Anything that is Turing Complete is going to exhibit at least some degree of what I call "Turing Chaos", which is the sort of chaos you have in trying to understand what a given Turing Complete system is going to do in light of the fact that a Turing Complete system is going to include some equivalent of "if (something) { run this program } else { run that program }", which means that there is inevitably going to be uncertainty amplification in any attempt to understand a program. By "uncertainty amplification" I mean exactly what anyone who has every tried to understand a code base has been through; you can tell that your uncertainty about what the "something" value is gets amplified into the question of which entire program is being run, and that can iterate for quite a while. It's very chaotic.

However, for all that, and despite the famous way in which changing a single bit of a program may completely change how it operates, in practice with real human programs changing a single random bit is statistically most likely to have no user-visible impact. We spend a lot of time constraining our system's chaos. We have to. We can't work with systems in which literally every bit change completely changes the program.

However, CAs tend to work that way. A single bit flip will spread out at the relevant "speed of light" and change everything.

As a result, while they may be some of the simplest Turing Complete things, they are humanly useless. They are not useful for modeling processes; you have to be too precise with the initial states, and the thing you are modeling has to be too precise in its usage of the CA rules. They are not useful for engineering, which is precisely why we don't use them.

Or, to put it in a nutshell, while A New Kind Of Science is full of pretty pictures and legitimately interesting ideas... it's also in essence, comprehensively wrong. Not a "not even wrong"; it rises to the level of "real" wrongness. But it's comprehensively, from top to bottom, wrong about practical utility or any future practical utility.

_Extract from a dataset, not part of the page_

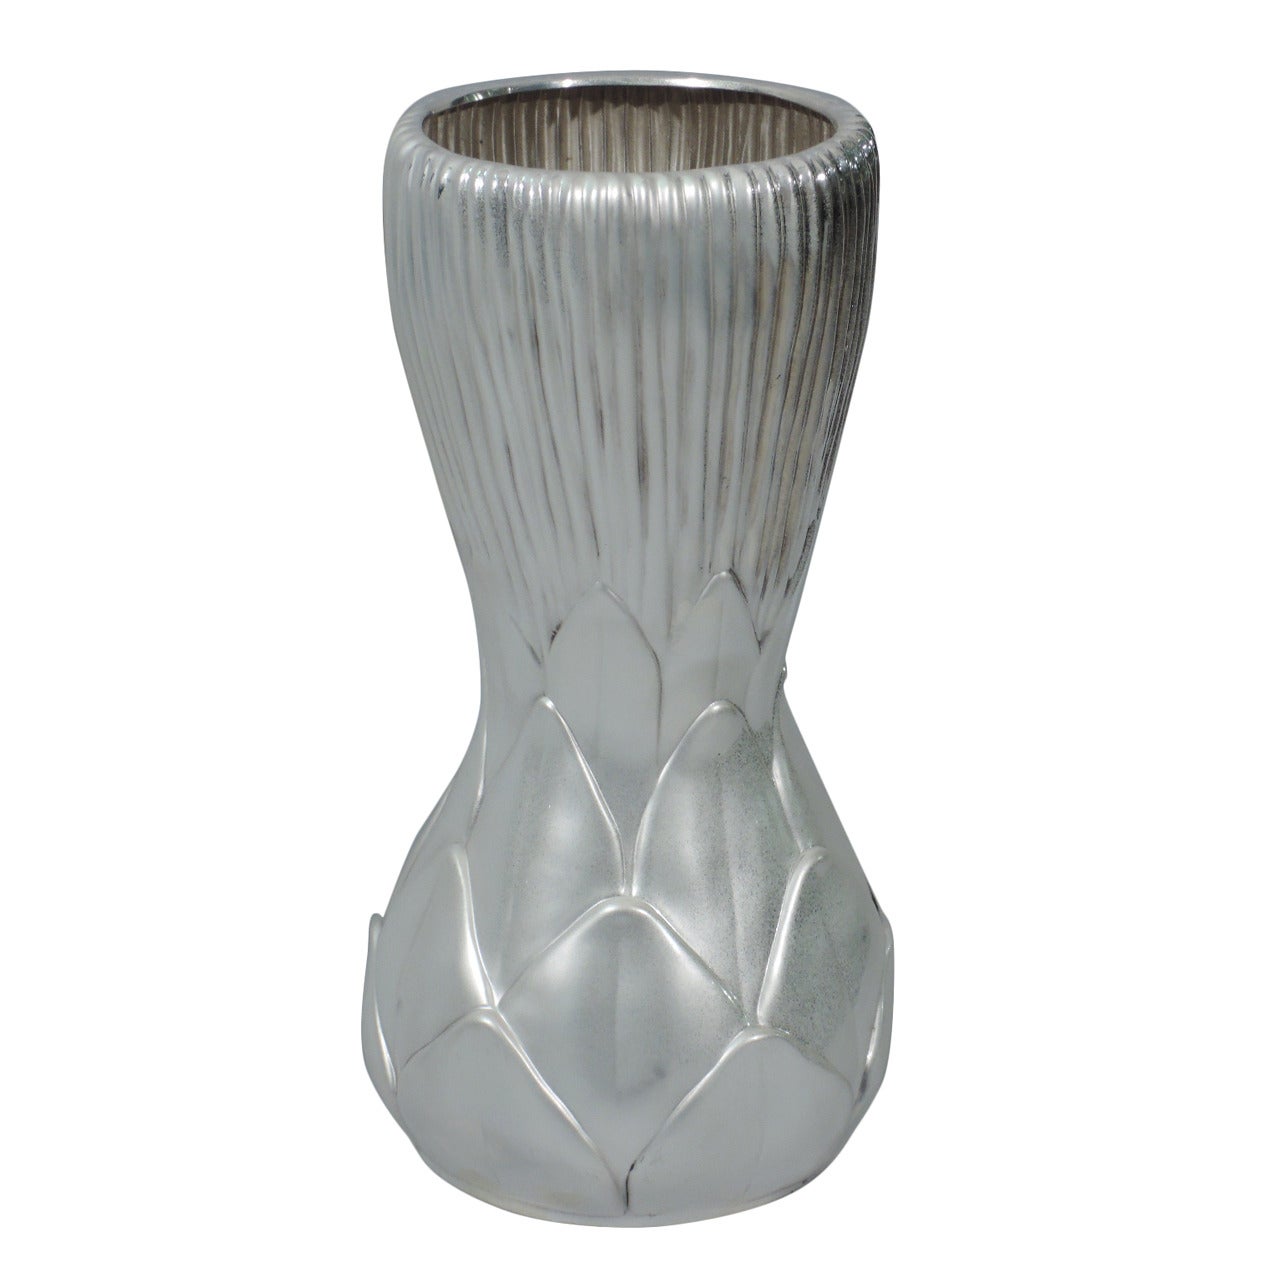 Contemporary Tiffany Sterling Silver Vase of Aesthetic Inspiration

(You can sit down and try to strip this characteristic from a sufficiently well-designed CA, but getting the precise balance of just the right amount of chaos is going to be difficult, and getting it to be also somehow useful afterwards raising the bar even higher. In the meantime, I've got von Neumann machines right here for people who want to do real work and the lambda calculus for people who want to work directly in mathematical abstractions without going insane, so... why?)

1 comments

> A New Kind Of Science is full of pretty pictures and legitimately interesting ideas... it's also in essence, comprehensively wrong. Not a "not even wrong"; it rises to the level of "real" wrongness. But it's comprehensively, from top to bottom, wrong about practical utility or any future practical utility.

Yeah, after 20 some years, that's has to be the answer. At its basic level I think it just exploited the idea that people, including me, like to see interesting or complicated patterns, especially arising out of simple iterative rules like https://en.wikipedia.org/wiki/Rule_30 or https://en.wikipedia.org/wiki/Rule_110.

Of course, I can see how snail pattern or other natural patterns might be generated by a similar process but it's nowhere near revolutionizing any science like the title was claiming.

But Wolfram being Wolfram doesn't give up. There is the https://www.wolframinstitute.org and there is some activity there. I periodically drop by to see what's happening.

> They are not useful for engineering, which is precisely why we don't use them.

Exactly, we'd think by now they'd be some AI super-chip or something tangible based on of the cellular automata thing discovered by Wolfram.